Ric McIver, the Progressive Conservative leader in the legislature, said while it's still best to govern, his new role in opposition has its advantages.
"I get to get up on my feet and explain to Albertans just how bad this government is," said McIver. "It's such a target-rich environment."
There have been mistakes, particularly the rollout of a controversial farm safety bill that was passed late in 2015. The bill puts farms under occupational health and safety rules and allows paid farm help to get Workers' Compensation benefits.
Fears the bill would strangle family farms in red tape were worsened by contradictory information disseminated by the province. There were massive protest rallies at the legislature, threats to Notley and caucus members.
"As a former resident of rural Alberta, it's just inexplicable how badly that (bill) was handled," said Lori Williams, a political scientist at Mount Royal University in Calgary.
But Williams said, overall, she gives Notley high marks for a collaborative leadership style, bringing together a coalition of oil people and environmentalists for her climate plan. That plan, which includes a carbon tax on gas and home heating, was cited by Prime Minister Justin Trudeau as a key reason he approved new pipeline projects last year, including a vital expansion from Alberta to the B.C. coast.
The NDP has also made front-line changes to help families, including school nutrition programs, new rules for payday loan operators, and cuts to school fees.
It ran a gender-balanced slate of candidates in 2015, then struck the second gender-balanced cabinet in Canadian history and created Canada's first stand-alone Status of Women ministry.
The conundrum for the NDP now, said Williams, is that Notley is far more popular than her government.
"I'm struck by the number of people who say, 'I'm not an NDP supporter, but she's doing a pretty good job,"' said Williams.
"It's really the Rachel Notley show.

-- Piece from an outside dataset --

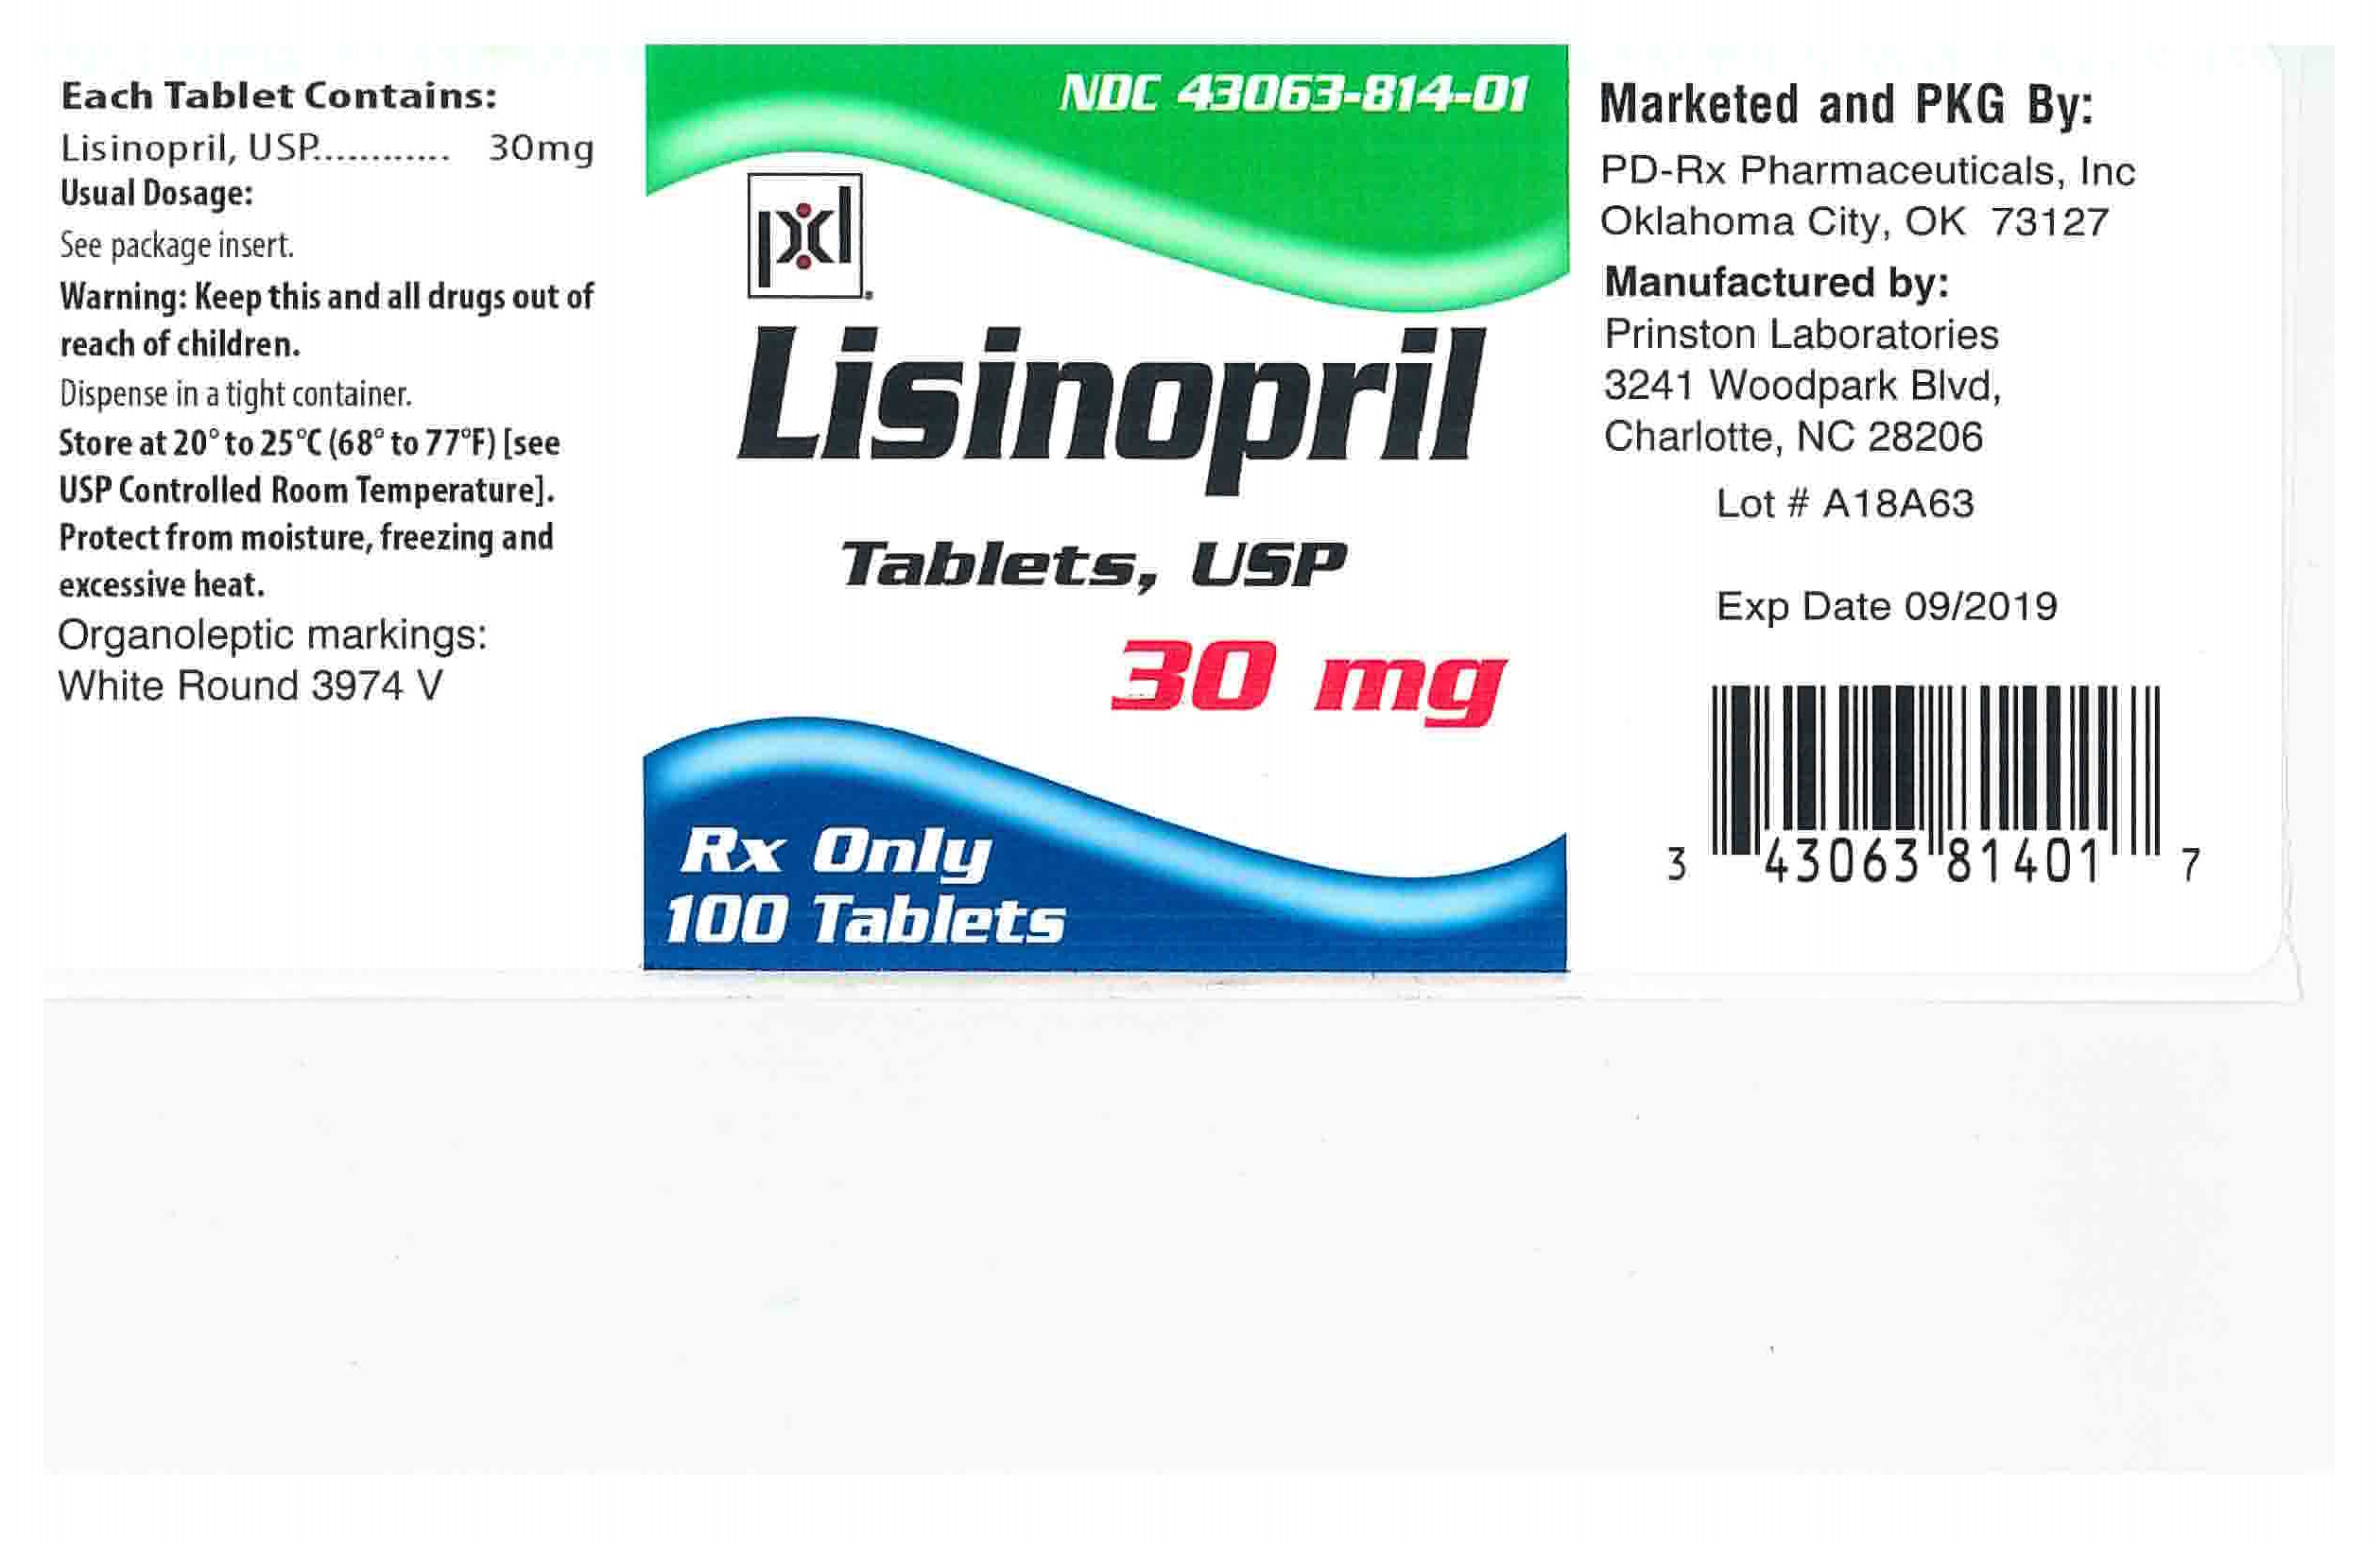 43063814 Label 30 mg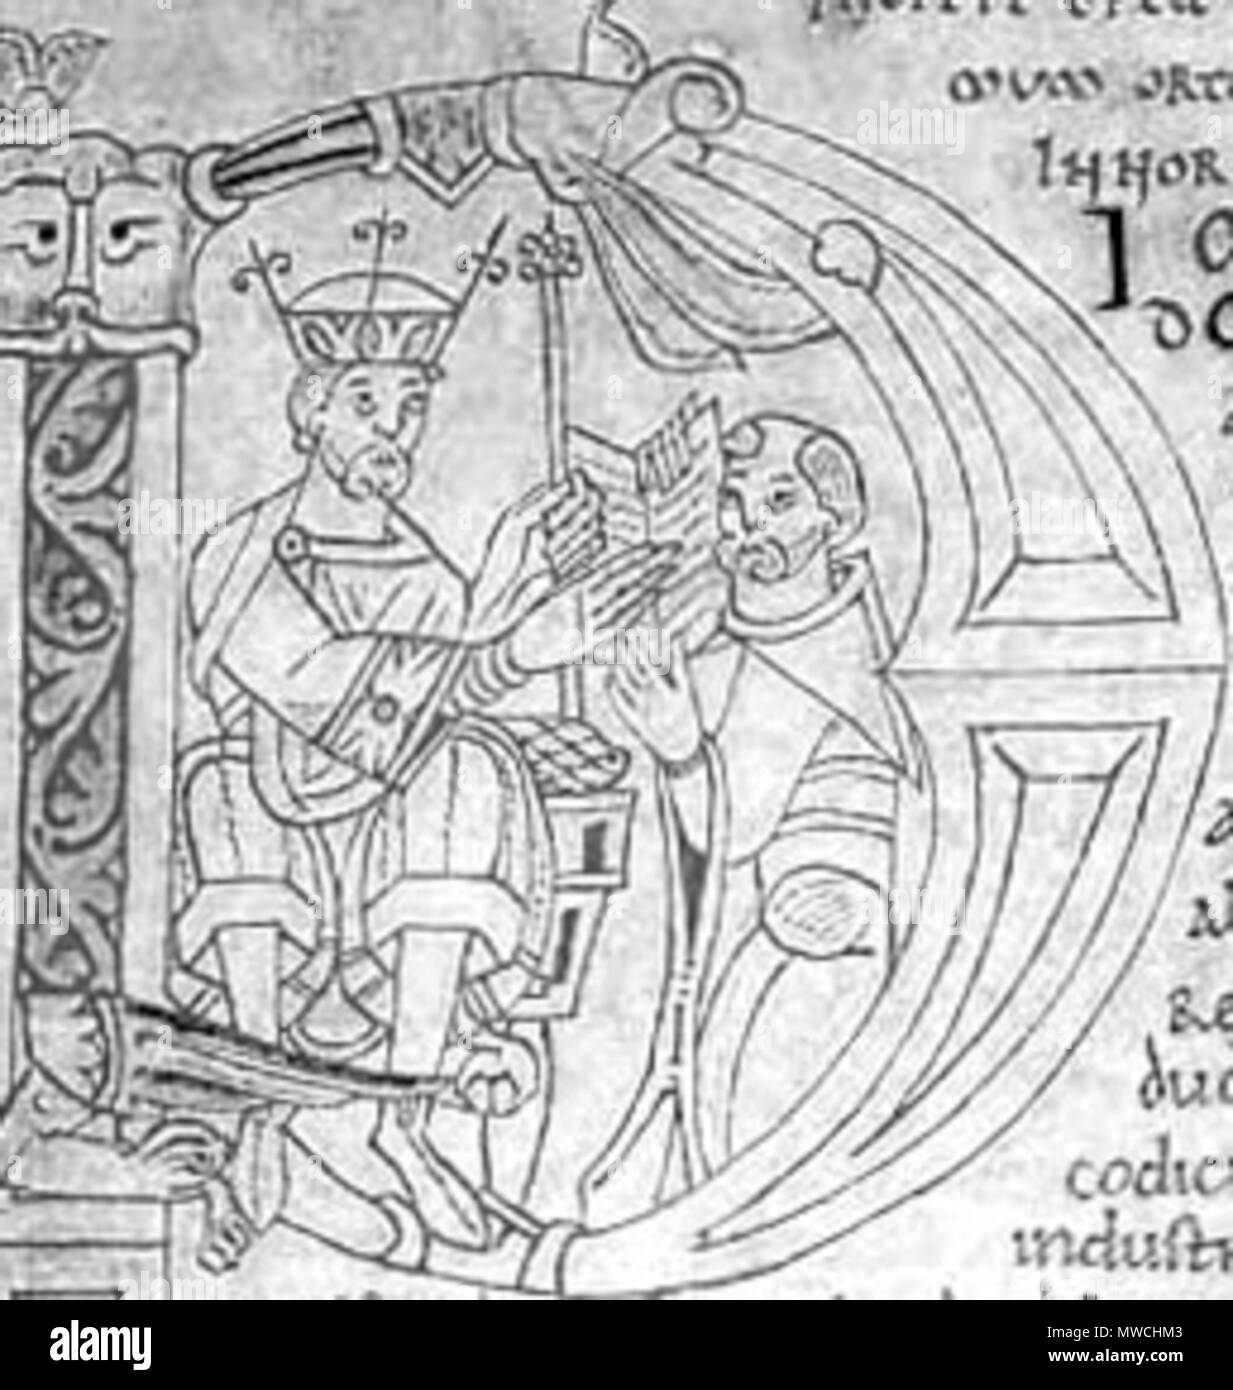 . Lettre majuscule d'un manuscrit présentant Guillaume de Jumièges Gesta Normannorum ducum offrant sa à Guillaume le Conquérant. 1070 s. Unbekannt 257 GuillaumedeJumieges Stockfoto

There's no way around that."
Calgary pollster Janet Brown said she hears the same thing.
"People tell me, 'I think the premier knows what she's doing, but she has a lot of really inexperienced people on her team,"' said Brown.
The second half of Notley's term will see the run-up to the election and more jockeying among the two main right-centre opposition parties.
Jean's Wildrose party and the PCs, who have elected ex-federal Conservative cabinet minister Jason Kenney as their new boss, are in talks to merge.
Greg Clark, the leader and only Alberta Party member in the legislature, says a merger would likely move those parties further right, away from the political centre, opening up possibilities for his team as centrists look for a new home.
"We're seeing a shift in the political landscape," said Clark.
Brown said how the parties fare in 2019 is a mug's game at this point. The NDP won in 2015 because Albertans were concerned about education and health care, she said.
"Everything Albertans are thinking and feeling they're filtering through the economy right now," said Brown.
"And that is making it really challenging for (Notley's) government to stay popular under those conditions."